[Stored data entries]
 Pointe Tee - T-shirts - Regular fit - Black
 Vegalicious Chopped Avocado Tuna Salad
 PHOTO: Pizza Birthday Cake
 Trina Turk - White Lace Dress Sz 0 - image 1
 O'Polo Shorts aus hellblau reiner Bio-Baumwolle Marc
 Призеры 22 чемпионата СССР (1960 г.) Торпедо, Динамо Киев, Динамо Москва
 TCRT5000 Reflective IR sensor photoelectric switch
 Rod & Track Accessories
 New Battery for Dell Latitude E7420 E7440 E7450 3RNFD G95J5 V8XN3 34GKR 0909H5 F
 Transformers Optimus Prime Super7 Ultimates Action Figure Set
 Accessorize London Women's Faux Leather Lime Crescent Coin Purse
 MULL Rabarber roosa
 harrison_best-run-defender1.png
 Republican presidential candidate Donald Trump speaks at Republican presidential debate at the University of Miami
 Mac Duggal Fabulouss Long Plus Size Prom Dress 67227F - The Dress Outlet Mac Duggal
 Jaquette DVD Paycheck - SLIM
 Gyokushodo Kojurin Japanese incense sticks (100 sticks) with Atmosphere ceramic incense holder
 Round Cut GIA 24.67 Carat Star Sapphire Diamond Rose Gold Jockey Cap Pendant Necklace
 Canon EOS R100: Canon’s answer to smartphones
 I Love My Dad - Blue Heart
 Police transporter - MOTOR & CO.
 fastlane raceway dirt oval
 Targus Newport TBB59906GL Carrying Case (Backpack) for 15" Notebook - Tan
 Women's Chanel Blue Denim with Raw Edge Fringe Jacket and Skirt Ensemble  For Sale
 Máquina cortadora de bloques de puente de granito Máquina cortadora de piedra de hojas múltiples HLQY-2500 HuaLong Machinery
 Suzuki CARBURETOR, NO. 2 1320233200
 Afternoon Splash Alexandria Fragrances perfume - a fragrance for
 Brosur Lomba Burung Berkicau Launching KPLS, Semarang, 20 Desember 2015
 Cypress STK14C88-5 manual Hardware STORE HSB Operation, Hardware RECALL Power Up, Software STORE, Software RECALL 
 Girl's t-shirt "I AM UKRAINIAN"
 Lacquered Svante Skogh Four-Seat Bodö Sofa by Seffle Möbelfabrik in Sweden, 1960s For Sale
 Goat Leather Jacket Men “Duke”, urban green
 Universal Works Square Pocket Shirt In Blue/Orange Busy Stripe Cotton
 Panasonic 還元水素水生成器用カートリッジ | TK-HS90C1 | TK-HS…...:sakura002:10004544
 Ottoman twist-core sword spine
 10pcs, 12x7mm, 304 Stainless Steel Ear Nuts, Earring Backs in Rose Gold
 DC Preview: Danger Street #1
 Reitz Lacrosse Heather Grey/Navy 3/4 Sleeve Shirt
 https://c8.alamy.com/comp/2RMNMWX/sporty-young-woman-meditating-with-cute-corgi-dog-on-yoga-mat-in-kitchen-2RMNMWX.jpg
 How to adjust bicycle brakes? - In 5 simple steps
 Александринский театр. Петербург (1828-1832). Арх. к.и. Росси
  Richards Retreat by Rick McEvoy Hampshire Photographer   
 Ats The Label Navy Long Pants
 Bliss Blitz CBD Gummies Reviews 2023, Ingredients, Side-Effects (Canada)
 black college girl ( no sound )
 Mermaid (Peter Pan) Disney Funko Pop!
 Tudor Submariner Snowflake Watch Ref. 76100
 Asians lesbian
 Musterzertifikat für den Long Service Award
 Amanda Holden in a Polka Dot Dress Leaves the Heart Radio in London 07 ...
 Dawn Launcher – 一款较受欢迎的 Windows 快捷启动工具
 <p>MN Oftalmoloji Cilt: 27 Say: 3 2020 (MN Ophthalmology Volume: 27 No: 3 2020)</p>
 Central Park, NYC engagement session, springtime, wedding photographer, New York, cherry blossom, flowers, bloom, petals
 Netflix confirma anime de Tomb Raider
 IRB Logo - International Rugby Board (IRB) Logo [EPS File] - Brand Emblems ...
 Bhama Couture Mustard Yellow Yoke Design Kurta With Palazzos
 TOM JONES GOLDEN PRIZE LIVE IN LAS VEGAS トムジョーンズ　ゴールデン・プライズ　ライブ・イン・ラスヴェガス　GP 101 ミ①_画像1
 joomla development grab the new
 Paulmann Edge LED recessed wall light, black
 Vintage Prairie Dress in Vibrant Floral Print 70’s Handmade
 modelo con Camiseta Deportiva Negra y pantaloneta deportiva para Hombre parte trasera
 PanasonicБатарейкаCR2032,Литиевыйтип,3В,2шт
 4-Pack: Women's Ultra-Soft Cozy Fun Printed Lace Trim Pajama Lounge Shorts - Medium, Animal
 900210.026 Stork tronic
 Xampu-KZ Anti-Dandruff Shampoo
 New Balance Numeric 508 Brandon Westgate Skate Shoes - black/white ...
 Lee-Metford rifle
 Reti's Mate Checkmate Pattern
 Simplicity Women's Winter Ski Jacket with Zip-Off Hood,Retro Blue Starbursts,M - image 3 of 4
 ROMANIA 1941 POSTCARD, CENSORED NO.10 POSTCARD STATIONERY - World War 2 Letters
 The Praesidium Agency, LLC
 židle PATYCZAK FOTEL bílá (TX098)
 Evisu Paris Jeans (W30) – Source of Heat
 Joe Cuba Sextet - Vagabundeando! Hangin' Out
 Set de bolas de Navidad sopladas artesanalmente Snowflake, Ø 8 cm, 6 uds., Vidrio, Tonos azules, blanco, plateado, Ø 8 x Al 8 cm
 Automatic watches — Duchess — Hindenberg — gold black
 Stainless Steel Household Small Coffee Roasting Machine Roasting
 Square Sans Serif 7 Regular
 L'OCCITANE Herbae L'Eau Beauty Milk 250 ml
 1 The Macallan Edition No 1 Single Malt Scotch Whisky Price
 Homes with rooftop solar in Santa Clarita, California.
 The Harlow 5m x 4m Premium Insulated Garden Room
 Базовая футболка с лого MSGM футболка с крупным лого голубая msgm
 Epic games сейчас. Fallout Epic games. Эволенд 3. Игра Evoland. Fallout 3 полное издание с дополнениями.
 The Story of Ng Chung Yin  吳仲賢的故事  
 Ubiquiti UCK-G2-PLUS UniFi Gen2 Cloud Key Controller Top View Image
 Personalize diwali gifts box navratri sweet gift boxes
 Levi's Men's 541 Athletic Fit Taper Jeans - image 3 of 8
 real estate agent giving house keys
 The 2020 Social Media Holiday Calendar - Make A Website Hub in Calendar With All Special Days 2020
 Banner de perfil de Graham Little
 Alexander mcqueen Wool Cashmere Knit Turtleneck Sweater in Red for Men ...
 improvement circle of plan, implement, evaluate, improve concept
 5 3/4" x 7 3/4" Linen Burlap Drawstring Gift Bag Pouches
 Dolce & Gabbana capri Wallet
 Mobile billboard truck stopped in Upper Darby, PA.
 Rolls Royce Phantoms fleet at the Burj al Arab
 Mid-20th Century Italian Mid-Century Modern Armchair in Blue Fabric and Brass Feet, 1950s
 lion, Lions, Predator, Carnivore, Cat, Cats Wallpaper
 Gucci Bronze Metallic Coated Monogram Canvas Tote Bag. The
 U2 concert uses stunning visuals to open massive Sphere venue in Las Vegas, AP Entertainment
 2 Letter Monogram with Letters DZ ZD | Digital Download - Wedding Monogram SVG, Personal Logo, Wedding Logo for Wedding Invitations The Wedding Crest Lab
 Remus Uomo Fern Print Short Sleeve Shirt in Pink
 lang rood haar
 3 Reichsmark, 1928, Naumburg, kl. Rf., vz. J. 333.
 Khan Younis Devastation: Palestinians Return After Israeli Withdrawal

▶ **Required work**: Above are the records; repeat exactly the lines from the one holding "Trina Turk - White Lace Dress Sz 0 - image 1" down to the one holding "Republican presidential candidate", end lines included.

▶ **The answer**:
 Trina Turk - White Lace Dress Sz 0 - image 1
 O'Polo Shorts aus hellblau reiner Bio-Baumwolle Marc
 Призеры 22 чемпионата СССР (1960 г.) Торпедо, Динамо Киев, Динамо Москва
 TCRT5000 Reflective IR sensor photoelectric switch
 Rod & Track Accessories
 New Battery for Dell Latitude E7420 E7440 E7450 3RNFD G95J5 V8XN3 34GKR 0909H5 F
 Transformers Optimus Prime Super7 Ultimates Action Figure Set
 Accessorize London Women's Faux Leather Lime Crescent Coin Purse
 MULL Rabarber roosa
 harrison_best-run-defender1.png
 Republican presidential candidate Donald Trump speaks at Republican presidential debate at the University of Miami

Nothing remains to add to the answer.